From the line containing "Two men are" down to the line containing "Baby Zebra Coloring" in the records below, reproduce every line exactly, ends included, and omit all others.

:: EXERCISE MATERIAL ::
· · · · · · ·

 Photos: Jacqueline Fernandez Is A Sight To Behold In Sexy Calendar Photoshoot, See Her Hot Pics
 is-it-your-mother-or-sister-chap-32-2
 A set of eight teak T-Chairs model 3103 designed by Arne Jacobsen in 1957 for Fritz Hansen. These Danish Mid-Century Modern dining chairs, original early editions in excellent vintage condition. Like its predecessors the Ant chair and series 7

· · · · · · ·

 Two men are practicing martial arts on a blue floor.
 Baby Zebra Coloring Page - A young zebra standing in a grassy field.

· · · · · · ·

:: EXERCISE OUTPUT ::
 Two men are practicing martial arts on a blue floor.
 Baby Zebra Coloring Page - A young zebra standing in a grassy field.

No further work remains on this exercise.